Overview of the augmentation pipeline

The aim of the augmentation method is to generate diversified and realistic images to train a machine learning approach. In standard augmentation for supervised learning, we generate new image samples from a collection of training images with corresponding labels, i.e., in our application segmentation masks for our four bones (left/right proximal femurs and hip bones). For a given structure, a new image is created as follows (Fig. 1):

  1. a.

    Constrained random sampling of a tetrahedral mesh with embedded image intensities using the SSIM (Fig. 1a)

  2. b.

    Selection of the closest image in the training set based on an affine distance criterion between the sampled mesh and the corresponding mesh of the closest image (Fig. 1b)

  3. c.

    Cleaning of the closest image by “removing” the intensities of the corresponding bone (Fig. 1c)

  4. d.

    Warping of the cleaned image using thin-plate spline (TPS) and rigid transformations along with the “painting” of the sampled synthetic image intensities (Fig. 1d)

Fig. 1
figure 1

The main steps of a new computed tomography image generation exemplified with the left proximal femur. Random sampling of instance using a statistical shape and intensity model (SSIM) (a). Selection of closest image based on shape affine similarity (b). Cleaning of corresponding structure in the closest image (c). Geometrical transform of cleaned image with painting of instance intensities (d)

For the sake of clarity, we assume in the following sections that we have a single structure to segment the overall approach being simply replicated for other structures.

Instance generation based on SSIM

Given a series of images with the segmented structure, we non-rigidly registered a reference triangular mesh to the segmented structure of each training image — establishing a point correspondence between the registered meshes. The reference model was then converted to a volumetric tetrahedral mesh [20] that was warped to each image space using a thin-plate spline transform (computed with a subset of the mesh surface vertices). Given co-registered tetrahedral meshes with a point correspondence of their vertices, we eventually built a statistical shape model with rigid Procrustes alignment, modeled as a point distribution model. To express image intensities in the interior of meshes, we exploited the compact representation of CT intensities within a tetrahedron as a continuous density function, proposed by Yao [21]. Using Bernstein polynomials, the density function models within a tetrahedron the image intensity \(D\left(p\right)\) at a position \({p={( p}_{x}{,p}_{y} {,p}_{z}, p}_{w})\) defined in a local barycentric coordinates space:

$$D\left(p\right)={\sum }_{i+j+k+l=d}\left({C}_{i,j,k,l}.{B}_{i,j,k,l}^{d}(p)\right)$$

where \({B}_{i,j,k,l}^{d}\) is the barycentric Bernstein function of degree \(d\) and \({C}_{i,j,k,l}\) are the Bernstein coefficients, computed by solving a system of equations. The larger the degree \(d\) is, the better will be the fidelity of the encoded intensities but at the expense of large memory/storage requirements — since the number of Bernstein coefficients \(m\) per tetrahedron quickly increases (\(m=\frac{\left(d+3\right)!}{3!d!}\)). Similarly to SSM that use vertex positions to build their point distribution model using principal component analysis (PCA), the SIM will use the Bernstein coefficients.

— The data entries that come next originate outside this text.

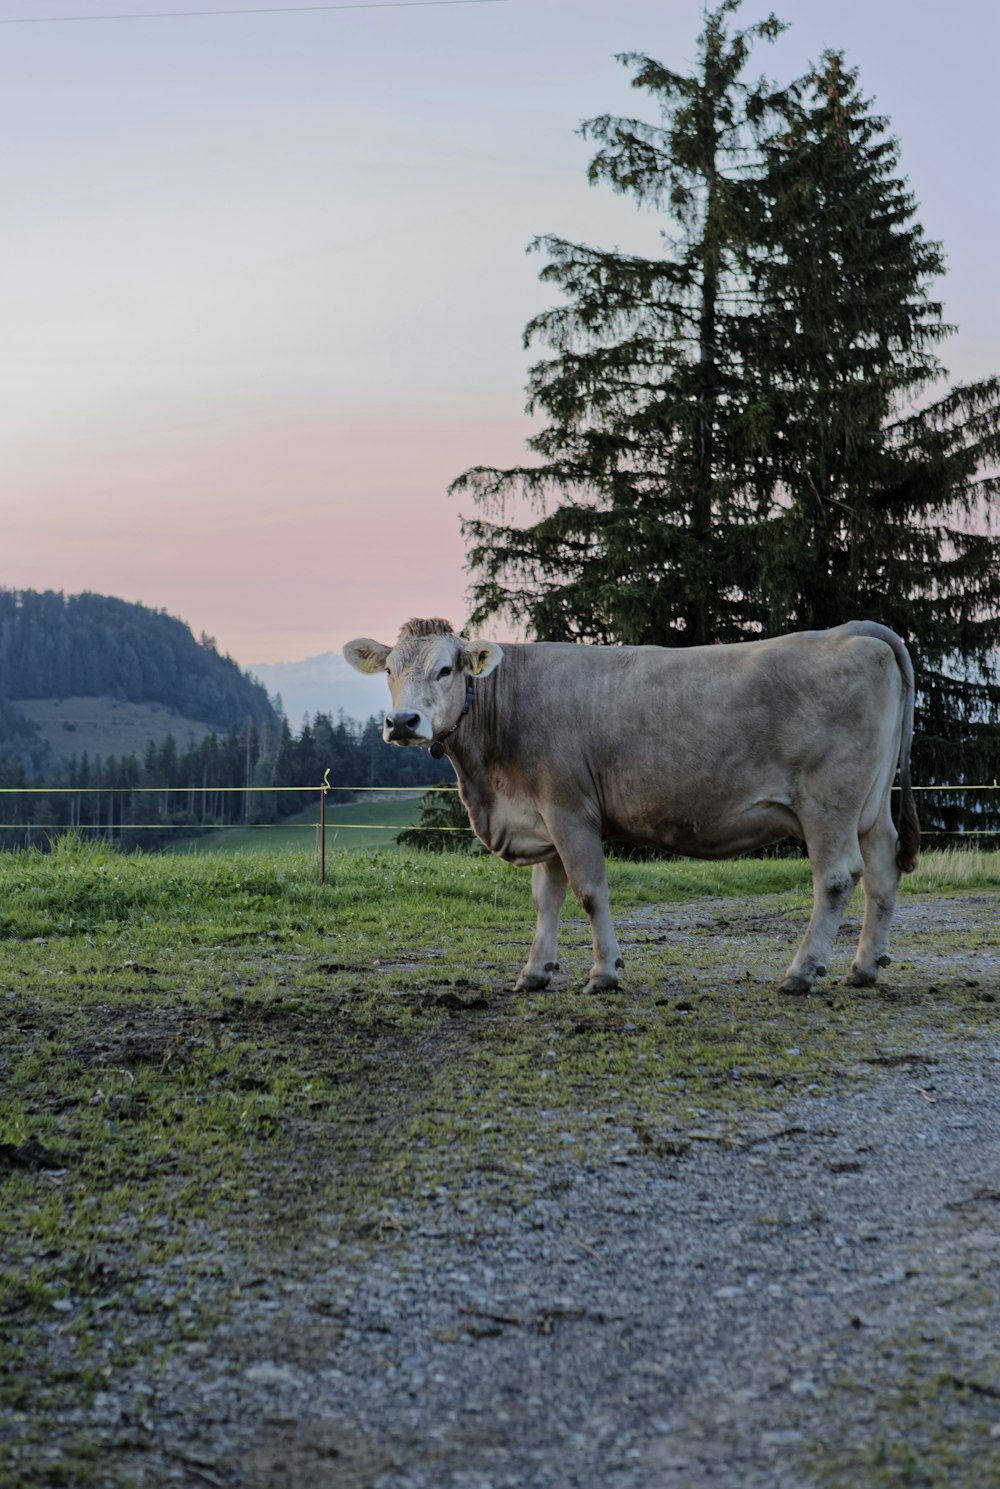 a cow standing on a dirt road in a field
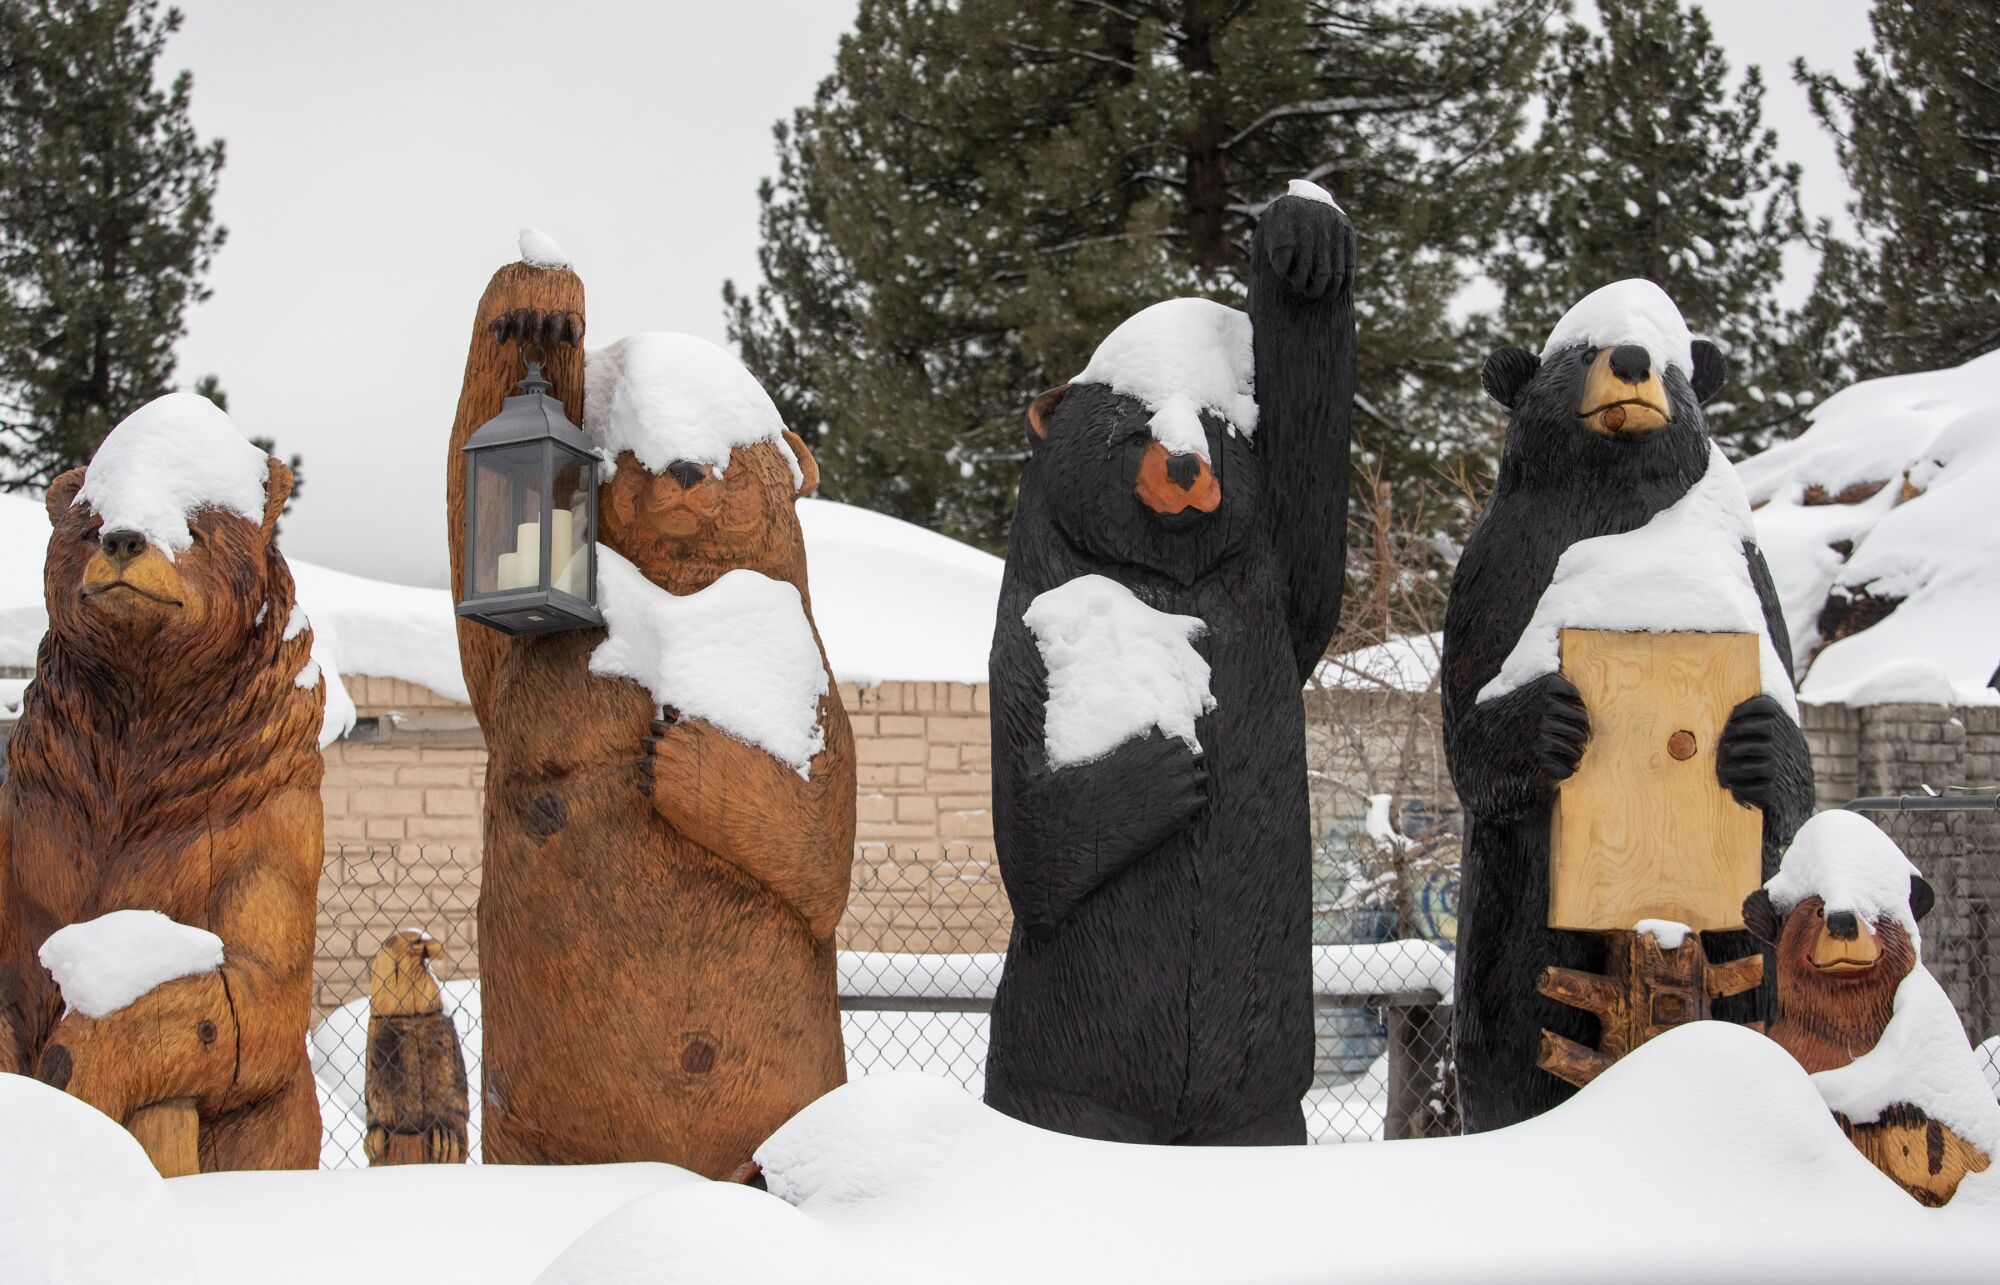 Carved wooden bears are covered in snow in Big Bear.
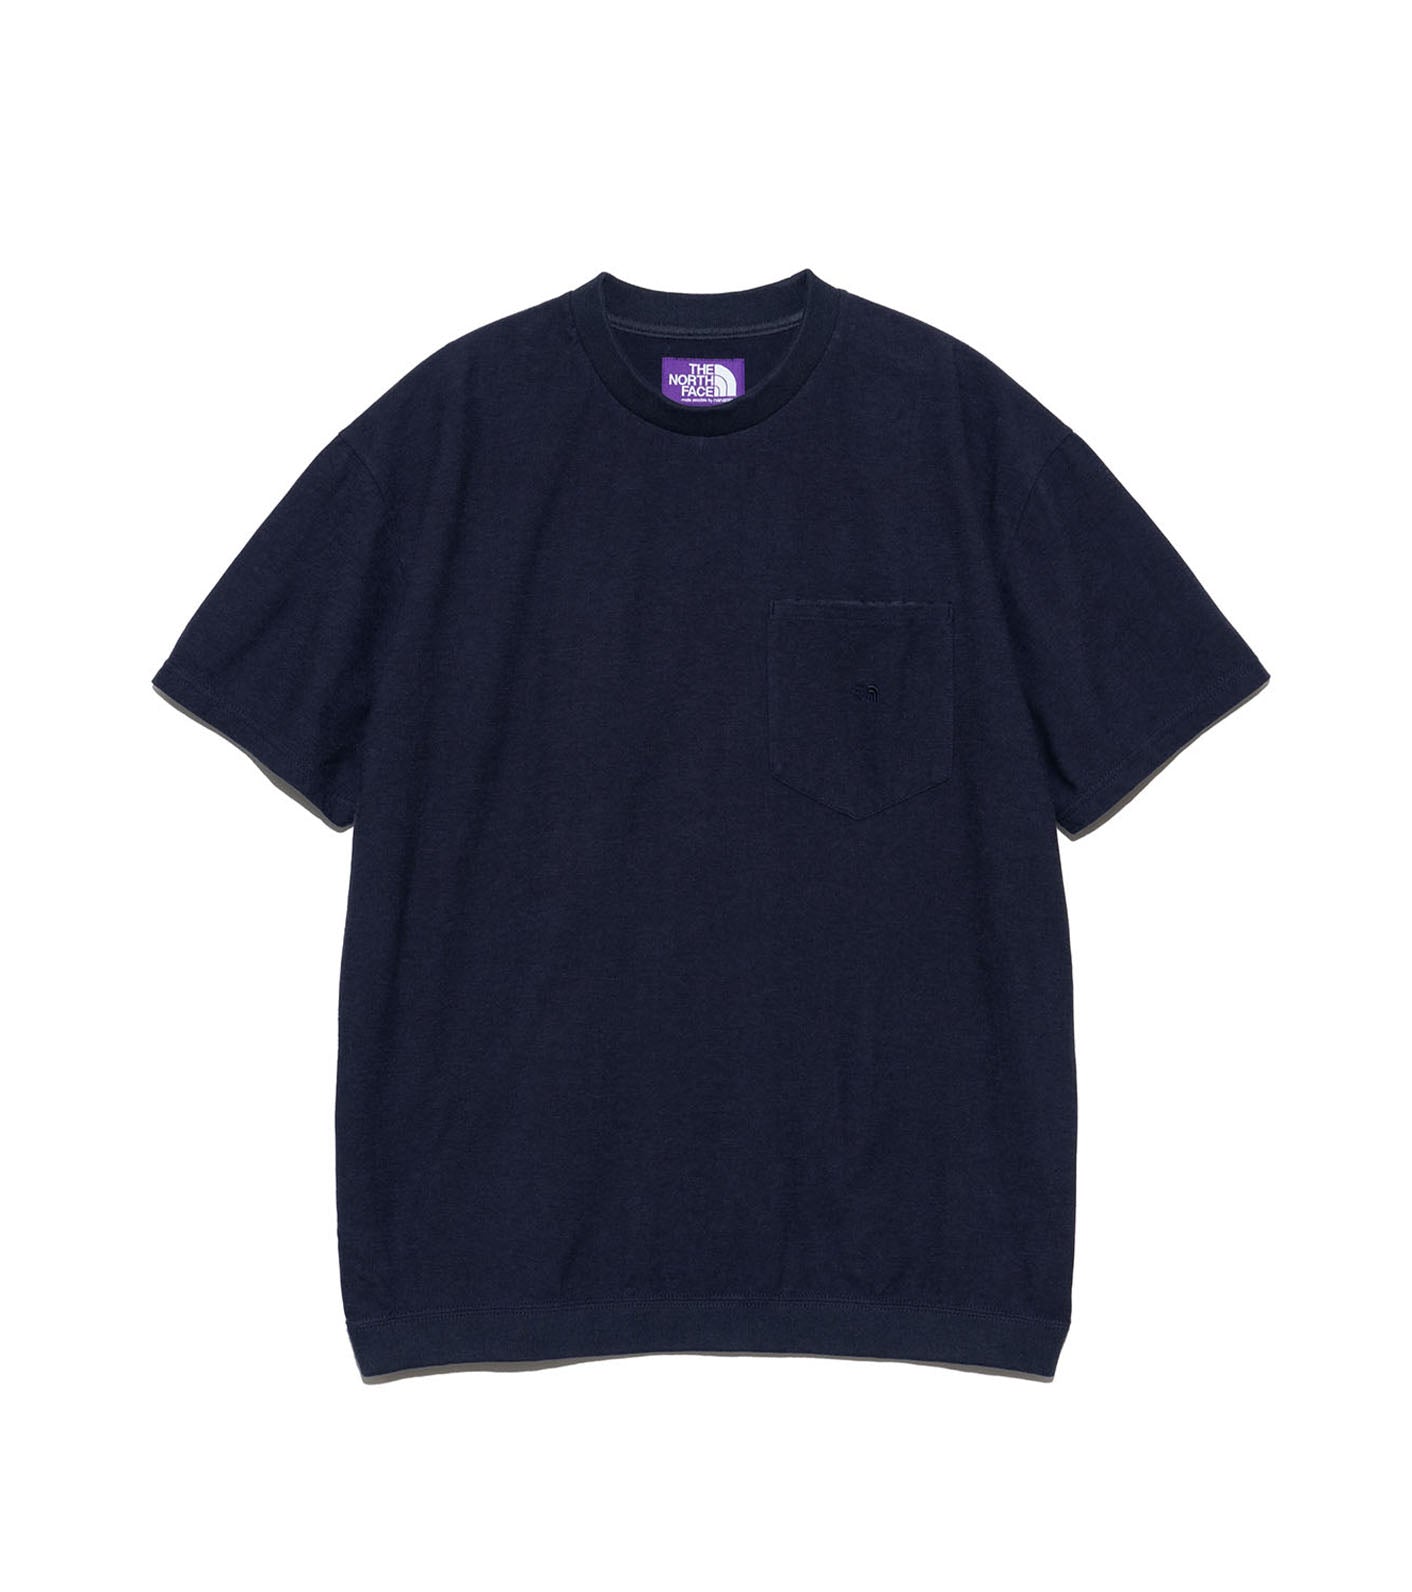 THE NORTH FACE PURPLE LABEL High Bulky Pocket Tee

By unifying the two statistical models into a SSIM, we can generate shape and intensity instances by varying the model statistical parameters \({b}_{i}\), as depicted in Fig. 2. Parameters \({b}_{i}\) follow a multivariate Gaussian distribution with variances equal to the eigenvalues \({\lambda }_{i}\) of the PCA. As a result, a random generation of a new instance is easily achieved by sampling the multivariate Gaussian distribution [12]. However, special care must be taken in constraining this sampling to avoid extreme unrealistic shape or intensities. Similarly to [11, 12], we restrict the \({b}_{i}\) to an interval \(\left[-2.5\sqrt{{\lambda }_{i}},2.5\sqrt{{\lambda }_{i}}\right]\). We further scale the parameters so that \(\sum \frac{{b}_{i}^{2}}{{\lambda }_{i}}\le M\), where \(M\) derives from the \({\chi }_{2}\) distribution [22].

Fig. 2
figure 2

Example of generated instances using a statistical shape and intensity model (SSIM). The statistical shape model produces different tetrahedral meshes of a proximal femur (ad). The statistical intensity model yields different intensity appearance for the same hipbone tetrahedral mesh: top, axial view; bottom, sagittal view (eh)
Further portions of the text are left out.